*Given records*:
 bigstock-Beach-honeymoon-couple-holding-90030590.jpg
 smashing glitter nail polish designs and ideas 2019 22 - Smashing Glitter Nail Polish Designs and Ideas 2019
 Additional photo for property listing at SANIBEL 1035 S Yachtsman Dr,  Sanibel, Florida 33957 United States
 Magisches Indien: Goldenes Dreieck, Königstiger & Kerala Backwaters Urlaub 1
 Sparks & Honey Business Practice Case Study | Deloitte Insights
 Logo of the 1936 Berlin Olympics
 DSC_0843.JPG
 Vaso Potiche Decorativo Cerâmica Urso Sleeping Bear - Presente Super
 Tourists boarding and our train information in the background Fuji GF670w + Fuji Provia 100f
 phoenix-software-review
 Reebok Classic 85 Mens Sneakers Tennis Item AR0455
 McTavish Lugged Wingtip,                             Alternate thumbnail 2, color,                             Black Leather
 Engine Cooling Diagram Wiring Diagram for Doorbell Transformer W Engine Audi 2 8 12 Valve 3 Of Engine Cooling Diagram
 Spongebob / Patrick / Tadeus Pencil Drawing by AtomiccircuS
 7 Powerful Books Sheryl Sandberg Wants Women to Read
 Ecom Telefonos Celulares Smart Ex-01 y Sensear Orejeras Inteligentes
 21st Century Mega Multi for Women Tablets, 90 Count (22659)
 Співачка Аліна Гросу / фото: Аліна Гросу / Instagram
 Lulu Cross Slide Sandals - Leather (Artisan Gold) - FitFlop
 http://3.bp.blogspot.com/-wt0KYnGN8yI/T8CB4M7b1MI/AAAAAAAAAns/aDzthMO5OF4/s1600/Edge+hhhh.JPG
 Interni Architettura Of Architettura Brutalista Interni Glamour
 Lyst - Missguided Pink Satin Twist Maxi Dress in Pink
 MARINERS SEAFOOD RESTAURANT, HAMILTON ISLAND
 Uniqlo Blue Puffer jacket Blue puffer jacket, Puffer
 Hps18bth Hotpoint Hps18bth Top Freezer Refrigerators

*What needs to be done*: Everything from the line containing "Interni Architettura Of" through the final line above must be copied exactly, with both ends kept.

*Final answer*:
 Interni Architettura Of Architettura Brutalista Interni Glamour
 Lyst - Missguided Pink Satin Twist Maxi Dress in Pink
 MARINERS SEAFOOD RESTAURANT, HAMILTON ISLAND
 Uniqlo Blue Puffer jacket Blue puffer jacket, Puffer
 Hps18bth Hotpoint Hps18bth Top Freezer Refrigerators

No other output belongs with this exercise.